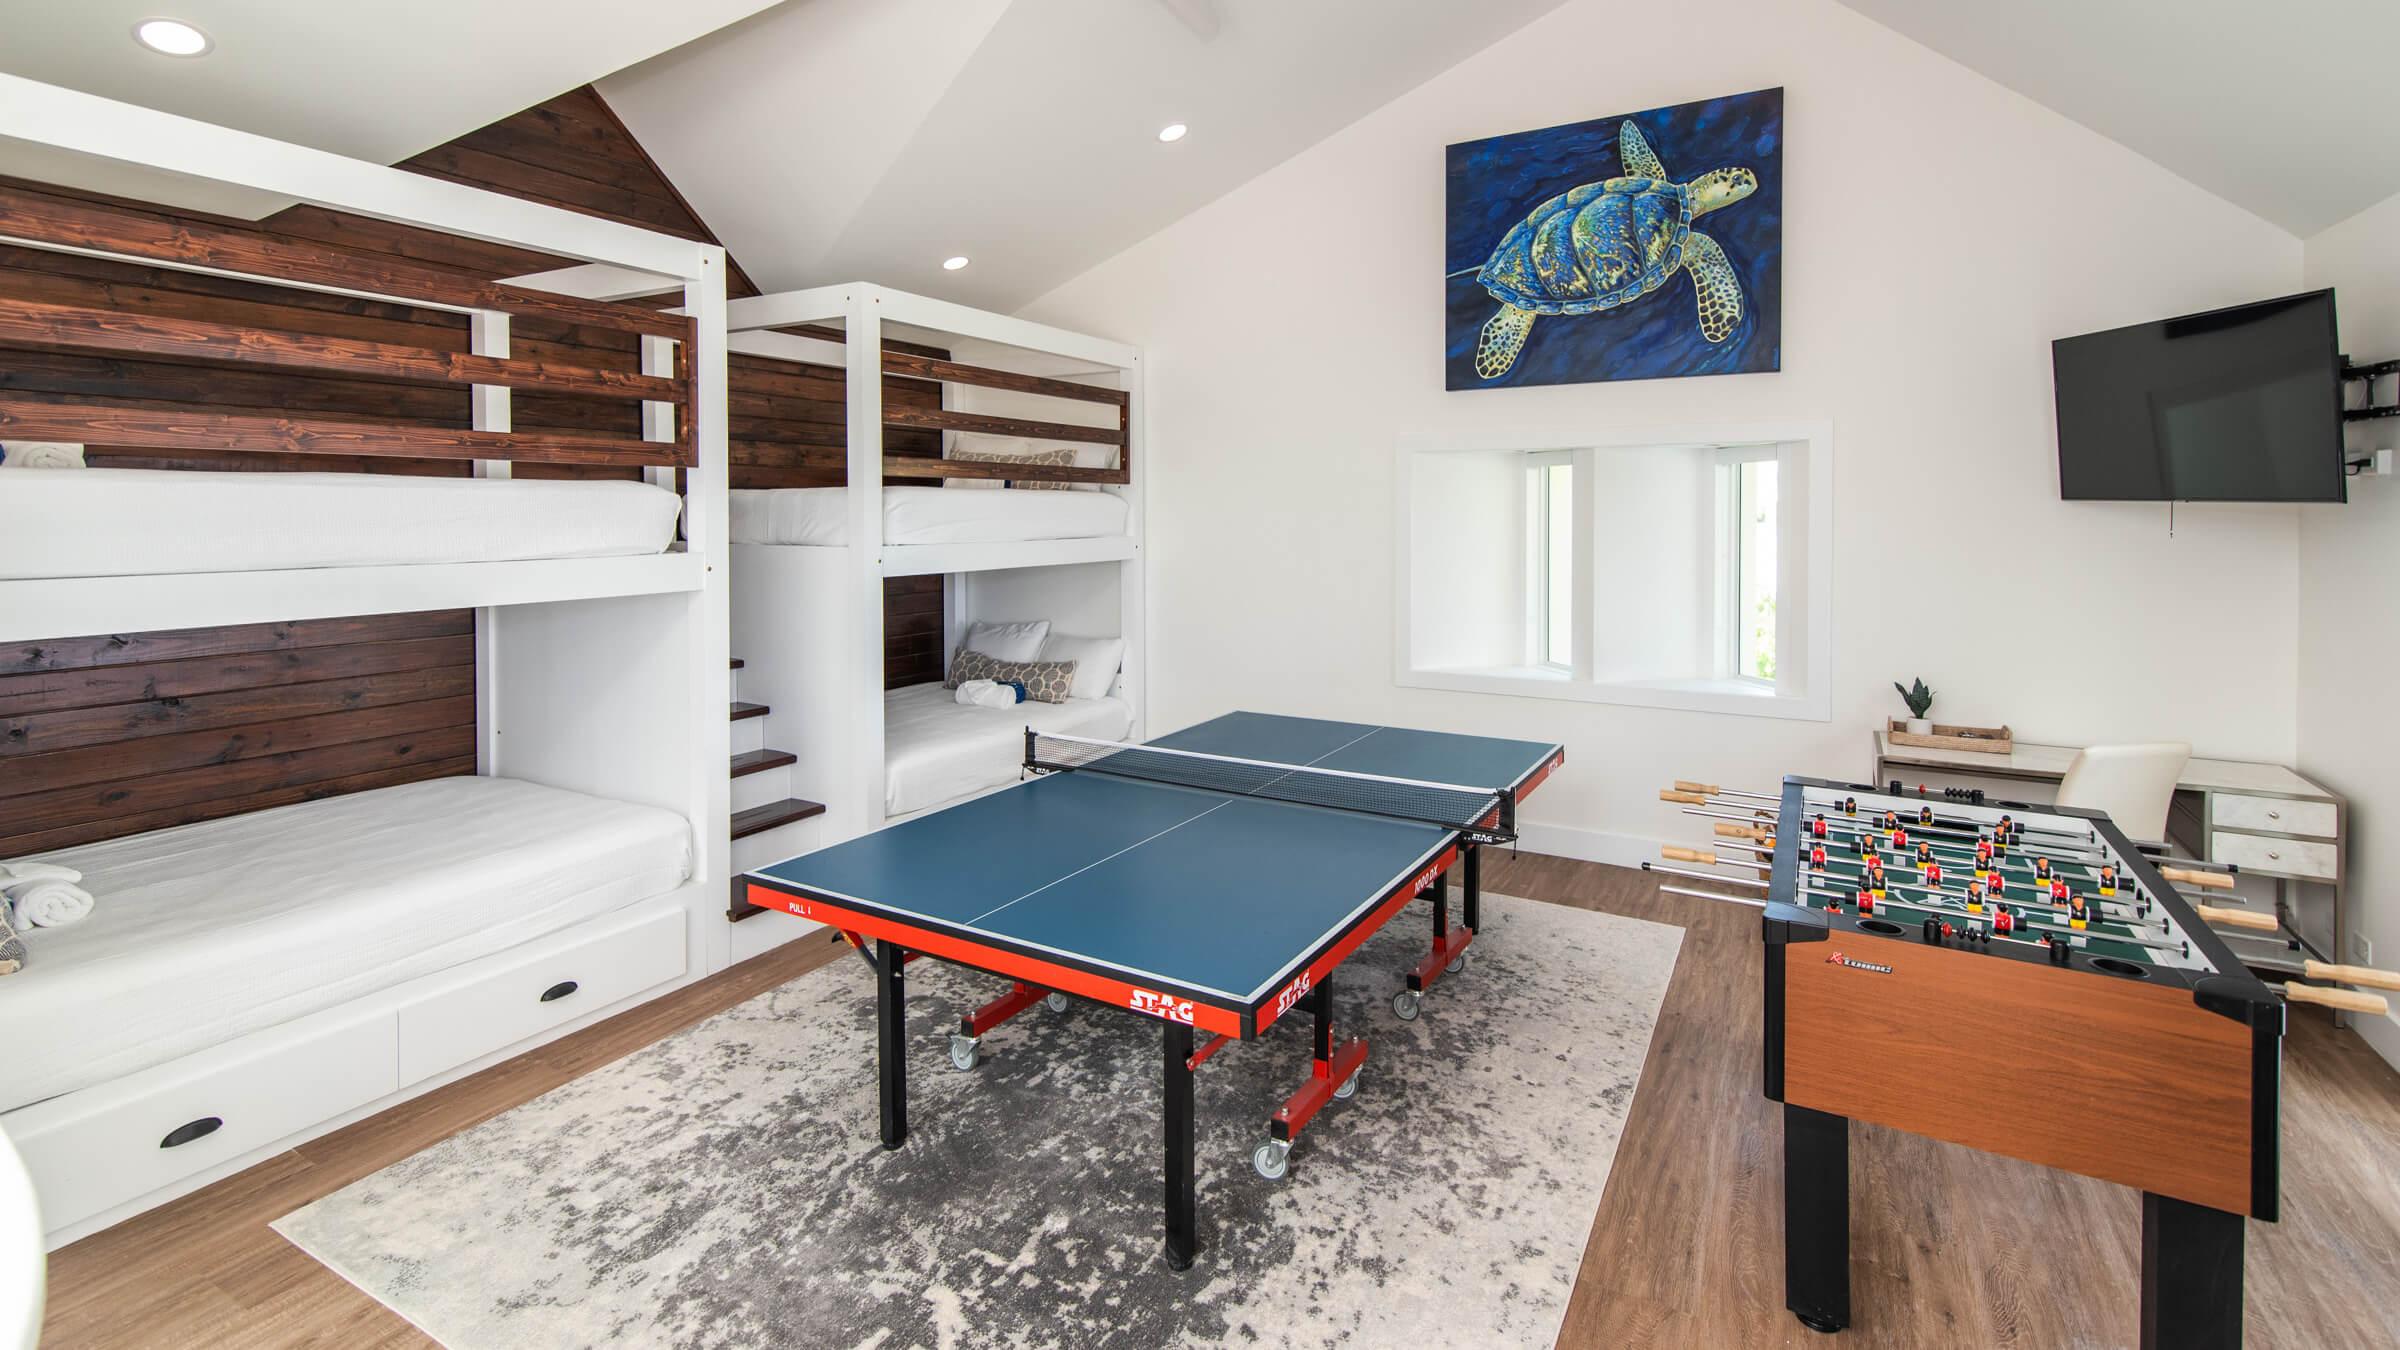 Seascape-Villa-Beach-Villa-Cayman-Islands-Grand-Cayman-Paradise-Kids-and-Teens-Bedroom-Bunk-Beds.jpg
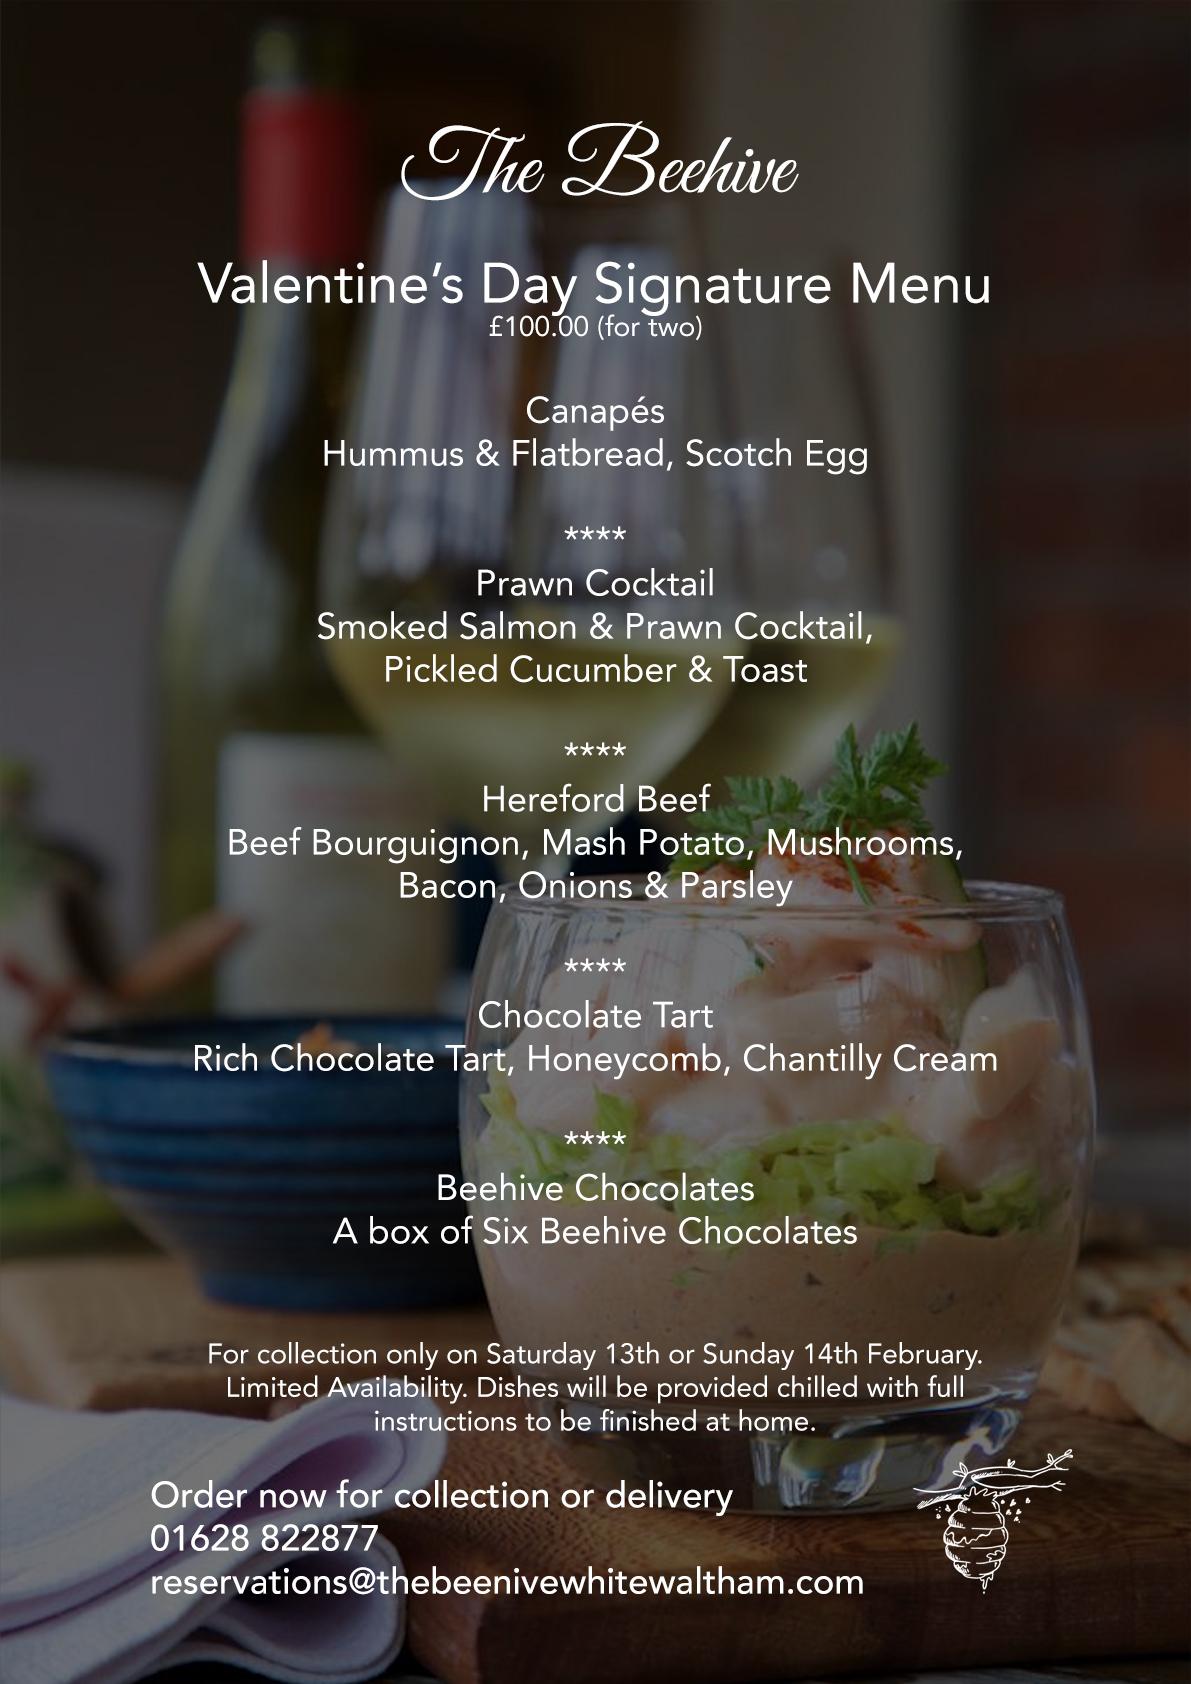 Valentine's Day Signature Menu
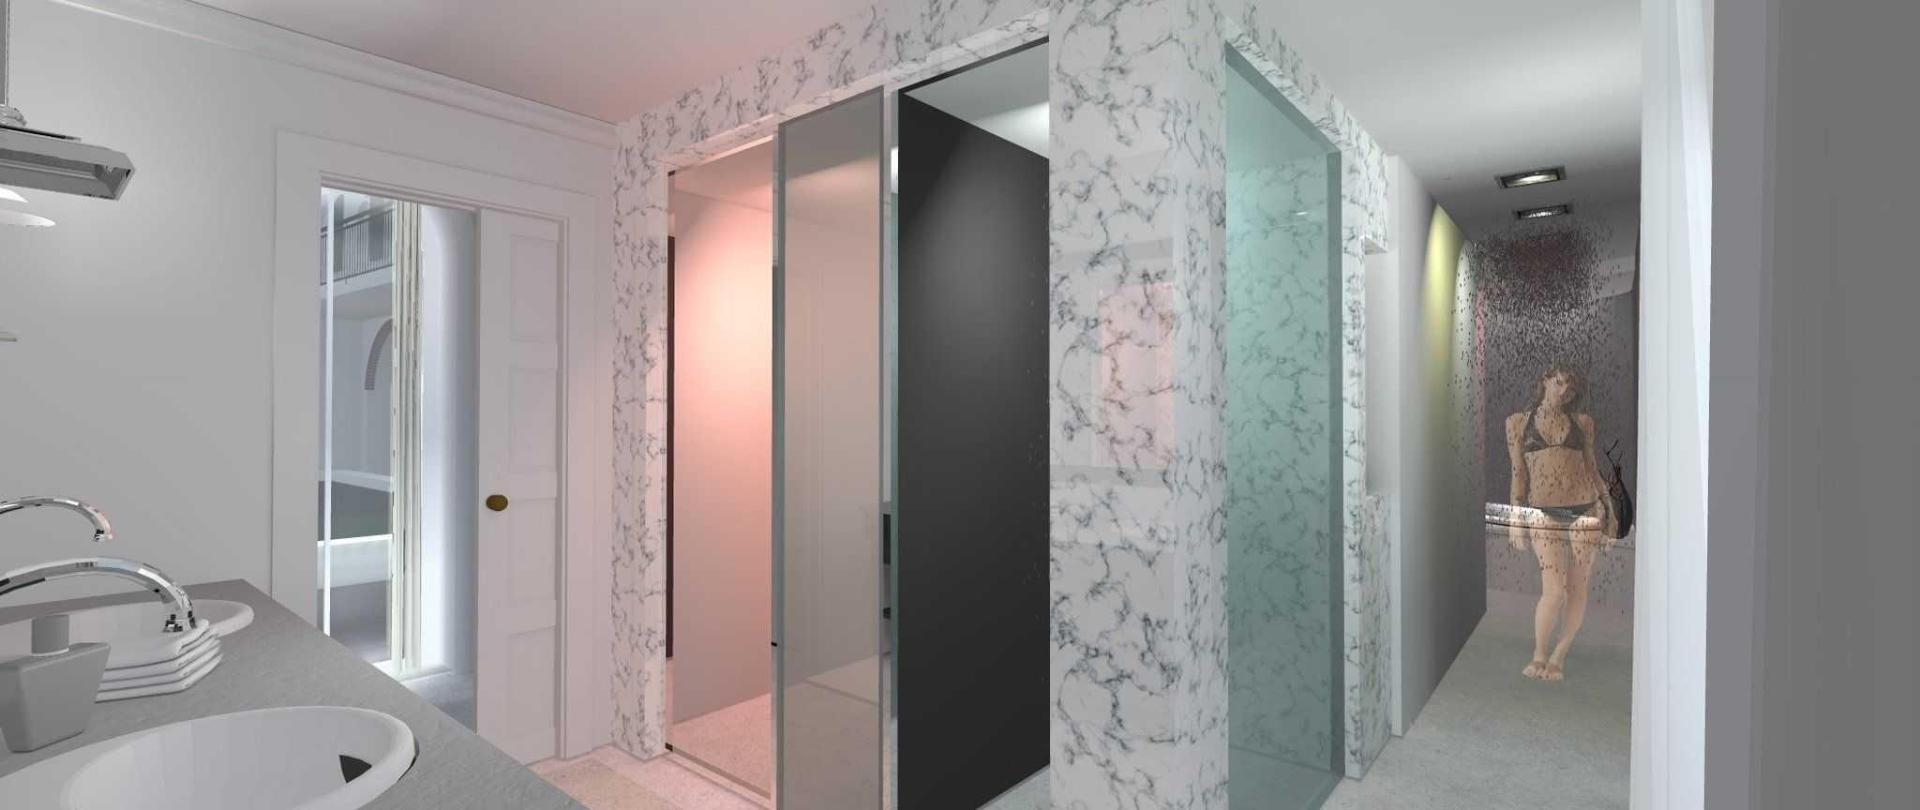 interno-bagno-suite-marialuisa.jpg

┄┄┄┄┄┄

Your copy should hold each line above exactly and no pictures at all.

 Seascape-Villa-Beach-Villa-Cayman-Islands-Grand-Cayman-Paradise-Kids-and-Teens-Bedroom-Bunk-Beds.jpg
 Valentine's Day Signature Menu
 interno-bagno-suite-marialuisa.jpg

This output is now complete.